Monday, January 11, 2021

The Victorian Chaise Longue

London: Persephone, 1999, c1953
99 p.

This short book is a tiny slice of horror! Not what I was expecting but a story you just can't look away from. Melanie is the pampered wife of a city lawyer; she's just given birth but can't see her baby because her pregnancy has awakened her dormant TB. She is slowly recovering, and when the story opens, she's being told by her pompous husband and patronizing doctor that perhaps today she can move from her bed to the Victorian chaise-longue in the other room, to give her a change of view. 

It certainly does that. When Melanie drowses off on the rather hideously floral chaise-longue (bought on a sudden, strong whim in an antique shop months before) she awakens as Millie in a Victorian home with a strange woman there with her, and another patronizing doctor, a case of TB, and a terrible secret.

Her increasing desperation to go to sleep again and wake up in her regular life is terrifying in itself -- there is an ultimate lack of power she suffers from, unable to make choices or decisions that are listened to or acknowledged, in either her actual timeline or this alternate one.

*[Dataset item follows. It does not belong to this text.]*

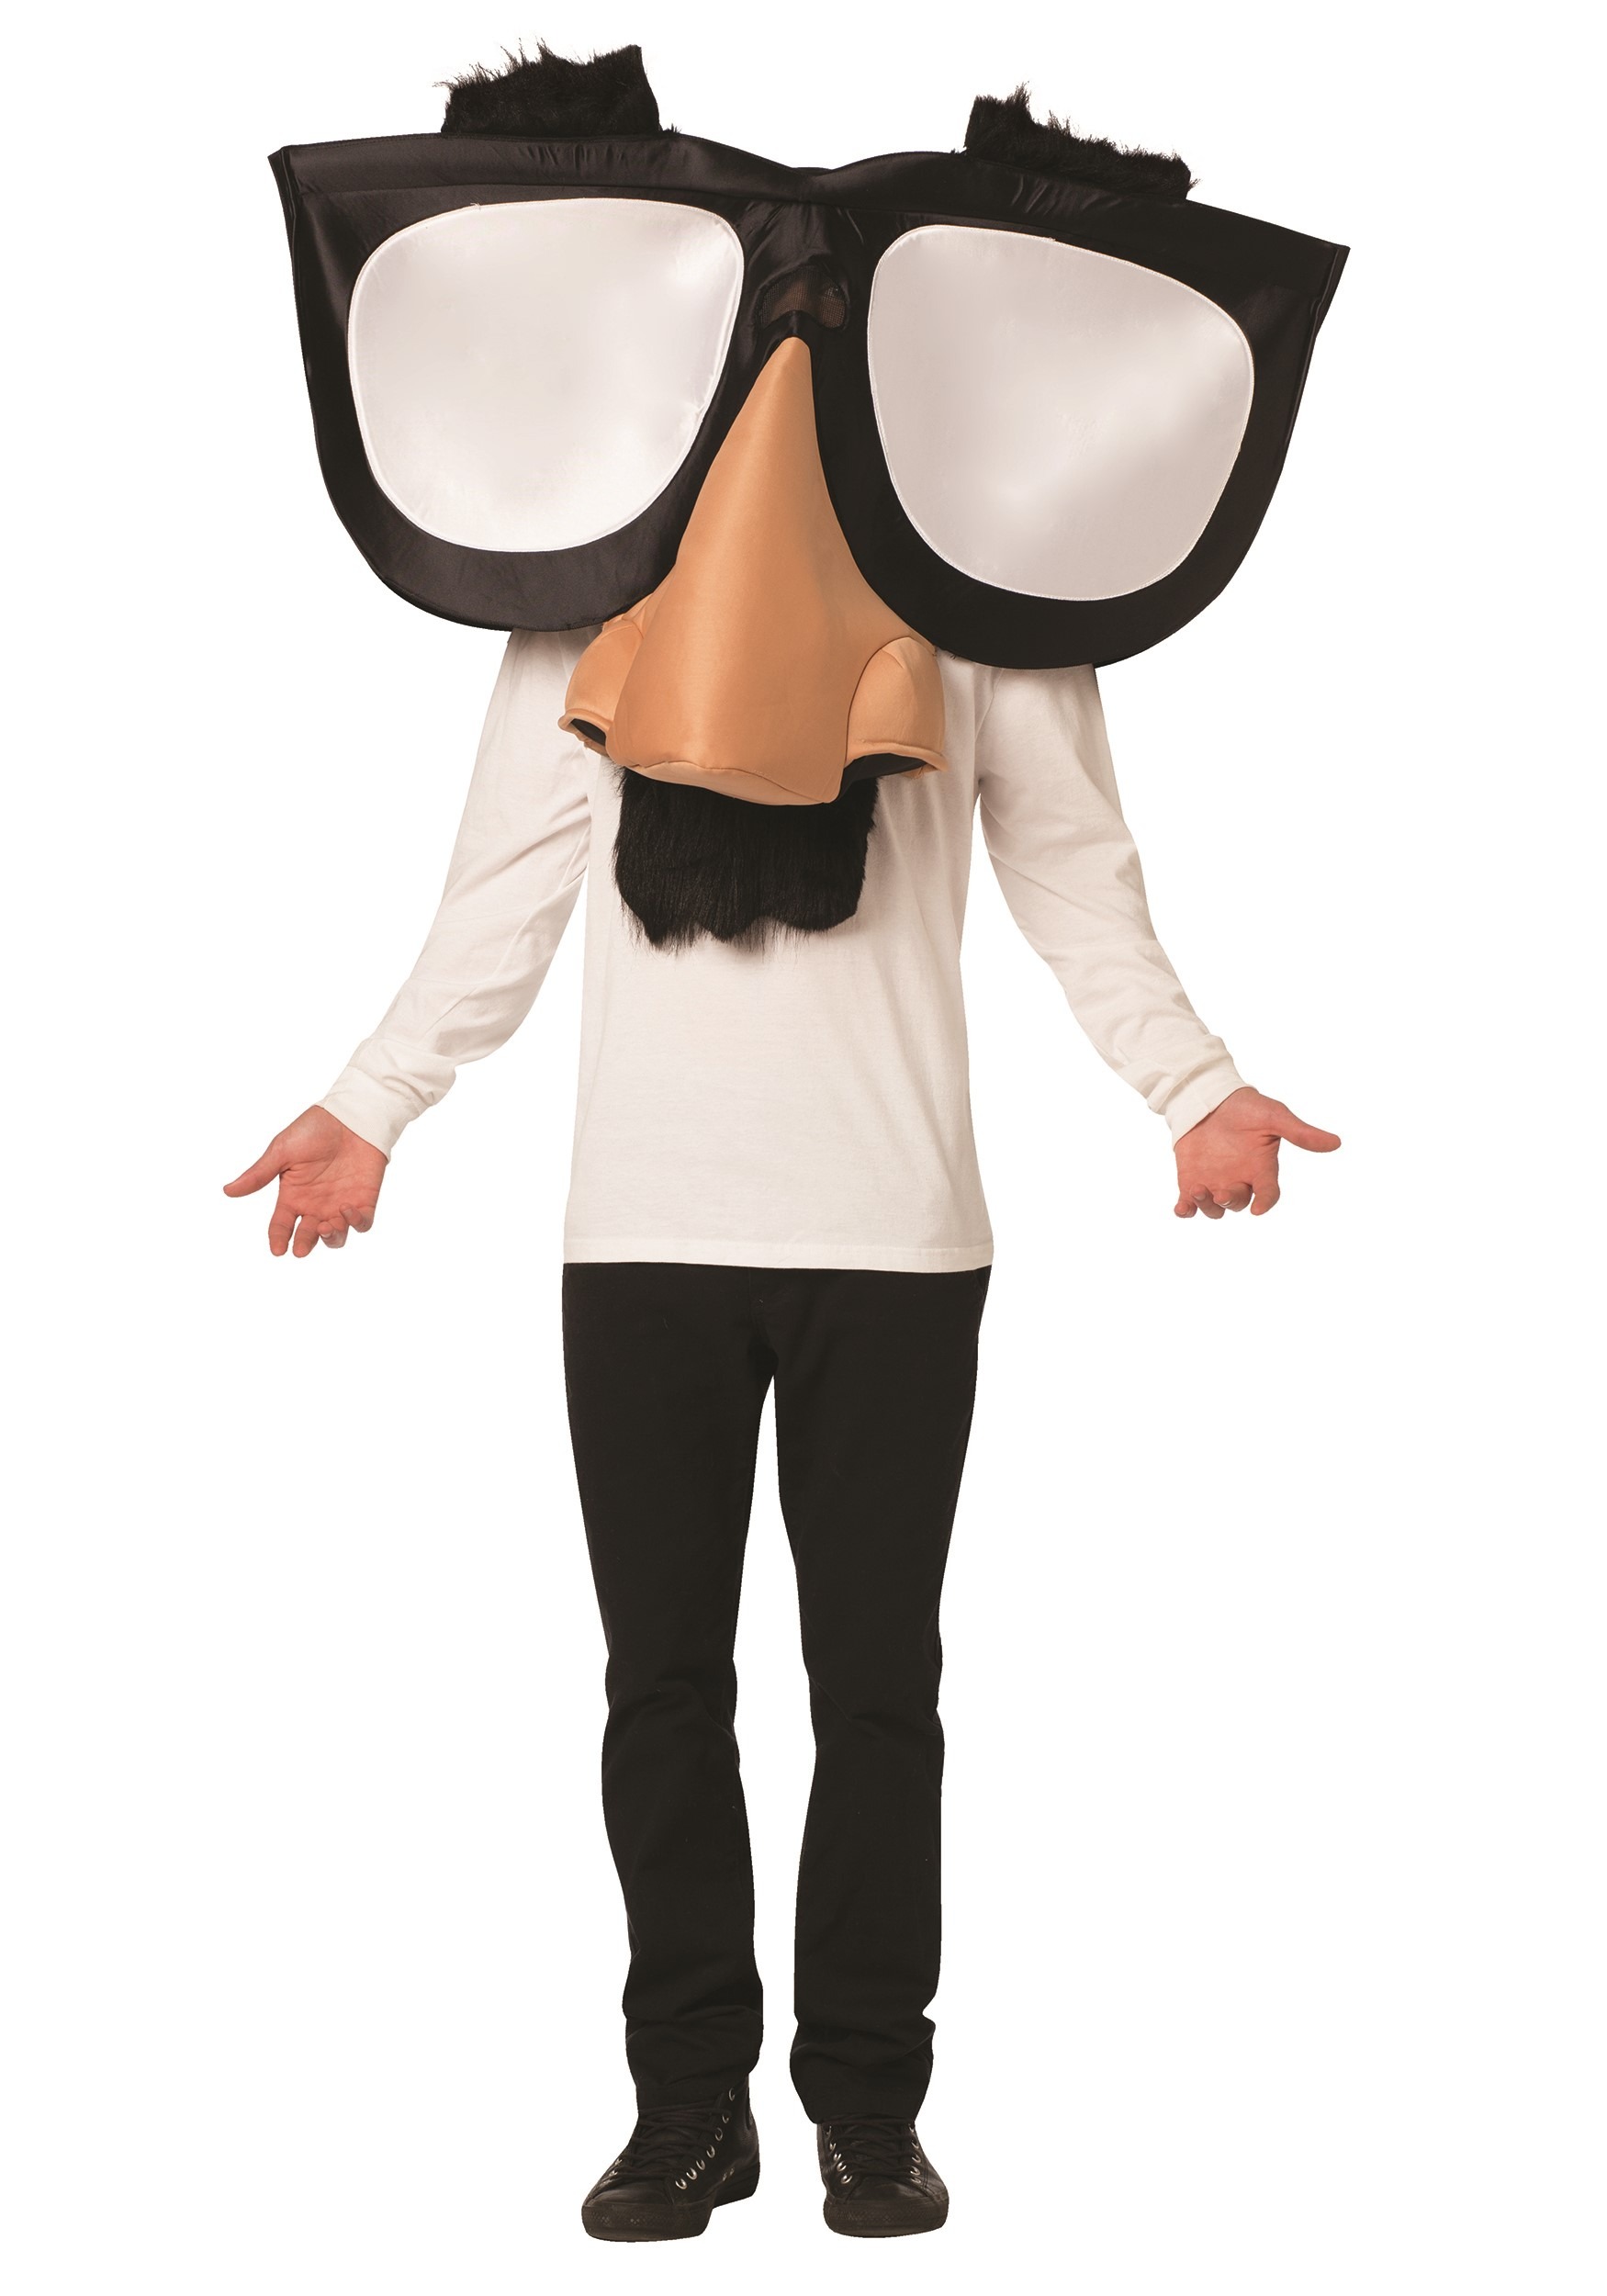 Classic Fuzzy Big Nose and Glasses Costume Accessory

The men responsible for her situations don't own up to anything, only being uselessly sentimental in private. 

The parallels between her situation in the contemporary world of the 50s, and the way her life is controlled by male decisions, and the Victorian world's context of male dominance and the way it's upheld by other women and social mores are clear. In neither world does Melanie prosper. 

This is short, to the point, and terrible. I haven't decided yet how to take the ending; it could be interpreted in a couple of ways but considering the momentum of the previous pages I can only shudder and believe the worst. If you are interested in the ways that social constructs hinder the full lives of women and try to police and control their every choice, this is a great fit for that theme. It's also really sharply constructed, emotional and intellectual at the same time. Really interesting read, as expected from Persephone Press.